What is the return on ₹15,000 SIP for 5 years?

At 12% annual returns, a ₹15,000/month SIP for 5 years gives a maturity corpus of ₹12,37,295. Your total investment is ₹9,00,000 and the wealth gain is ₹3,37,295.

How much will ₹15,000/month SIP give after 5 years at different rates?

At 8%: ₹11,09,501. At 10%: ₹11,71,236. At 12%: ₹12,37,295. At 15%: ₹13,45,225. Returns are not guaranteed — equity mutual funds can deliver higher or lower depending on market conditions.

Is a ₹15,000/month SIP tax-free?

SIP returns are subject to capital gains tax. For equity mutual funds held for more than 1 year, gains above ₹1 lakh/year are taxed at 12.5% (LTCG).
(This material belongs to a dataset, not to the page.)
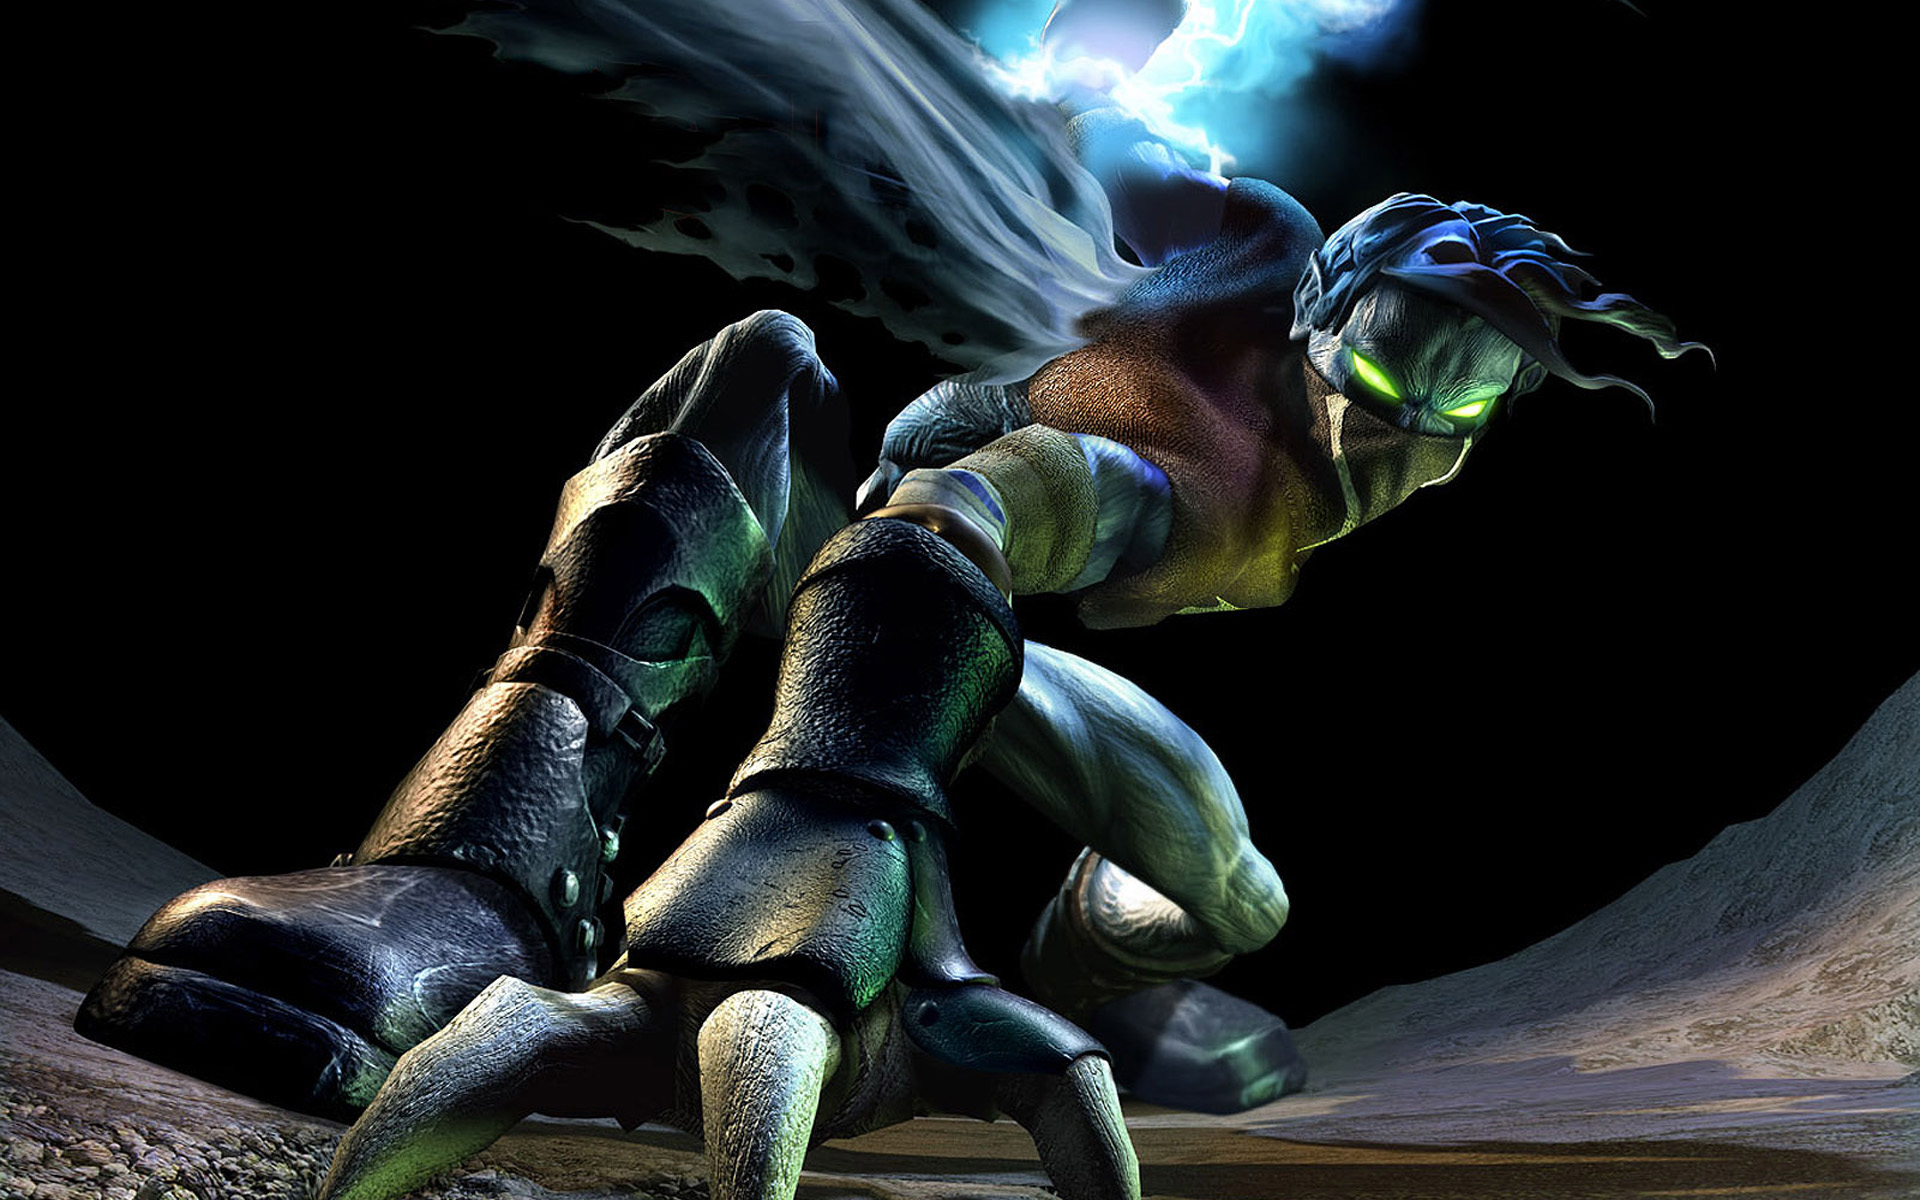 Legacy of kain on steam фото 27

ELSS SIPs have a 3-year lock-in but qualify for Section 80C deduction up to ₹1.5 lakh/year.

Should I continue SIP even when markets are down?

Yes — this is the entire benefit of SIP. When markets fall, your ₹15,000 buys more units at lower prices (rupee cost averaging). Stopping a SIP during a downturn defeats the purpose and locks in temporary losses.

What is the best fund for a ₹15,000/month SIP for 5 years?

For a 5-year horizon, balanced advantage funds or hybrid funds are recommended over pure equity to manage downside risk. Pure equity funds need at least 7-10 years to smooth out volatility.